Statistical Analyses

Statistical analyses were conducted using Stata (version 12.0; StataCorp LP, College Station, TX). Initial analysis was performed using descriptive statistics, simple comparisons through t-tests and chi-square tests, and unadjusted Kaplan Meier survivorship analysis. The main analysis then used the time-dependent Cox proportional hazards model to identify risk factors for first fracture. Univariate analysis was performed first, followed by investigation of interactions and multivariable analysis. Interactions were examined by testing for the significance of 2 and 3-way interaction terms involving the risk factors identified as significant in the univariate analysis. As measurements and fracture information were obtained annually, the data were easily formatted for a time-dependent Cox proportional hazards survivorship analysis.

Risk factors from the visit prior to fracture were examined, including sex, race/ethnicity, chronological age, skeletal age, sexual maturation, Z-scores for height, weight, and BMI, body fat percentage, days per week participating in organized sports or dance, hours per week watching television (TV), using a computer, or playing video games, calcium intake, and DXA Z-scores for bone mineral content (BMC) and bone mineral density (BMD) of the whole body less head (WB), anterior-posterior (AP) spine, hip total, hip neck, and 1/3 forearm. Chronological and skeletal ages were examined as squared terms because fracture rates increase through early adolescence and decrease thereafter; they were also examined using age groups (<10 years, ≥10 years and <15 years, ≥15 years) following the study of Khosla et al (13). Hazard ratios (HR) for prospectively reported fractures were examined, along with 95% confidence intervals for the HRs.
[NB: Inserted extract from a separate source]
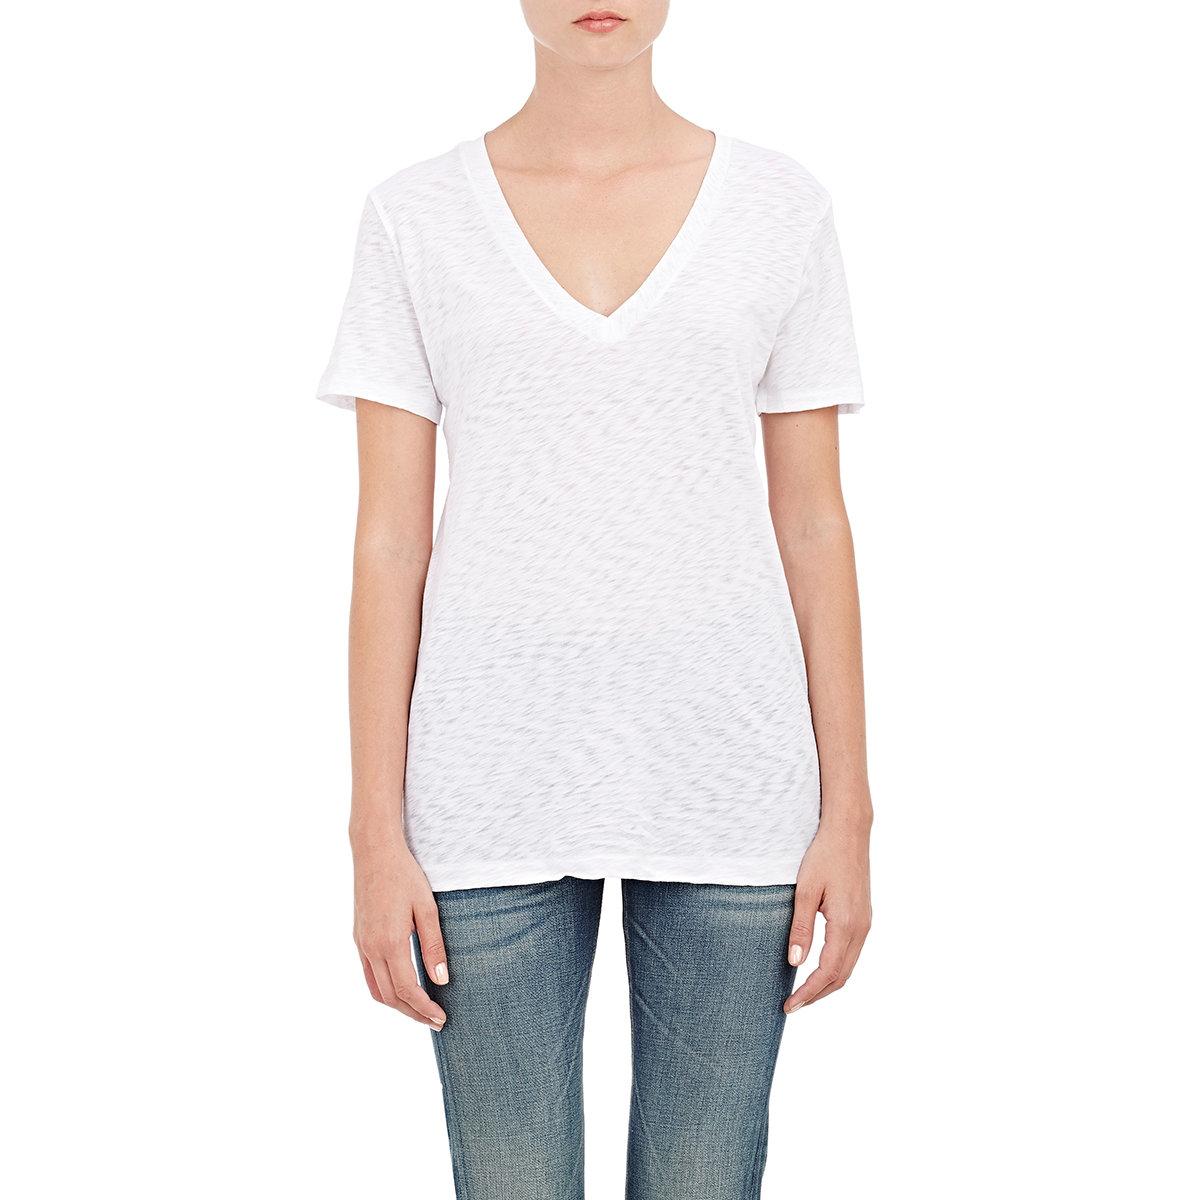 Lyst rag bone women 39 s the classic v t shirt in white for Rag and bone white t shirt

Subgroup analysis was also performed grouping the subjects based on their fracture history at baseline. 1,193 subjects had no fractures prior to baseline, 241 had one or two fractures, and 36 had an unknown fracture history.

RESULTS

The characteristics of the study sample are described in Table I. The 693 non-whites included 342 Blacks, 247 Hispanics, 104 Asians, and 84 other. The mean length of follow-up was 5.0 ± 1.5 years with the majority of subjects (908/1470, 62%) completing 6 years. A total of 212 subjects reported 257 fractures; 176 subjects sustained a single fracture incident, 30 sustained two fracture incidents, and 6 sustained three or more fracture incidents. The average age at first fracture was 13.7 ± 2.9 years.

Table 1.

Baseline characteristics of the study subjects

White (N=693) Non-White (N=777) P-value
Sex
 Male 344 (50%) 382 (49%) 0.86
 Female 349 (50%) 395 (51%)

Anthropometric Characteristics
 Chronological Age (yr) 10.8 (3.1) 11.1 (3.0) 0.13
 Skeletal age (yr) 10.8 (3.4) 11.4 (3.4) <0.001
 Height Z-score 0.2 (0.8) 0.1 (0.8) .45
 Weight Z-score 0.3 (0.8) 0.4 (0.8) 0.005
 BMI Z-score 0.2 (0.8) 0.4 (0.8) <0.001
 Sexual maturation
  Tanner 1 332 (48%) 312 (40%) 0.002
  Tanner 2 100 (14%) 94 (12%)
  Tanner 3 69 (10%) 80 (10%)
  Tanner 4 82 (12%) 114 (15%)
  Tanner 5 110 (16%) 176 (23%)
 % body fat 22.5 (6.1) 22.8 (6.9) 0.44

Physical and Dietary Characteristics
 Sports participation (days/week) 1.8 (1.7) 1.4 (1.8) <0.001
 TV/computer/video games (hours/week) 38 (13) 45 (16) <0.001
 Calcium intake (mg/day) 967 (491) 890 (620) 0.009

Fracture History
 Positive 150 (22%) 91 (12%) <0.001
 Negative 526 (77%) 667 (86%)
 Unknown 17 (2%) 19 (2%)

DXA Z-score
 Whole body BMC 0.2 (1.0) 0.3 (1.0) 0.01
 Whole body BMD 0.1 (1.0) 0.4 (1.0) <0.001
 AP spine BMC 0.0 (1.0) 0.1 (1.0) 0.20
 AP spine BMD 0.0 (1.0) 0.2 (1.0) <0.001
 Hip total BMC 0.2 (1.0) 0.4 (1.0) <0.001
 Hip total BMD 0.1 (1.0) 0.4 (1.1) <0.001
 Hip neck BMC 0.1 (0.9) 0.2 (1.0) 0.002
 Hip neck BMD 0.0 (0.9) 0.4 (1.1) <0.001
 1/3 forearm BMC −0.1 (1.0) 0.4 (1.1) <0.001
 1/3 forearm BMD −0.1 (1.0) 0.4 (1.0) <0.001

Continuous variables are shown as mean (standard deviation).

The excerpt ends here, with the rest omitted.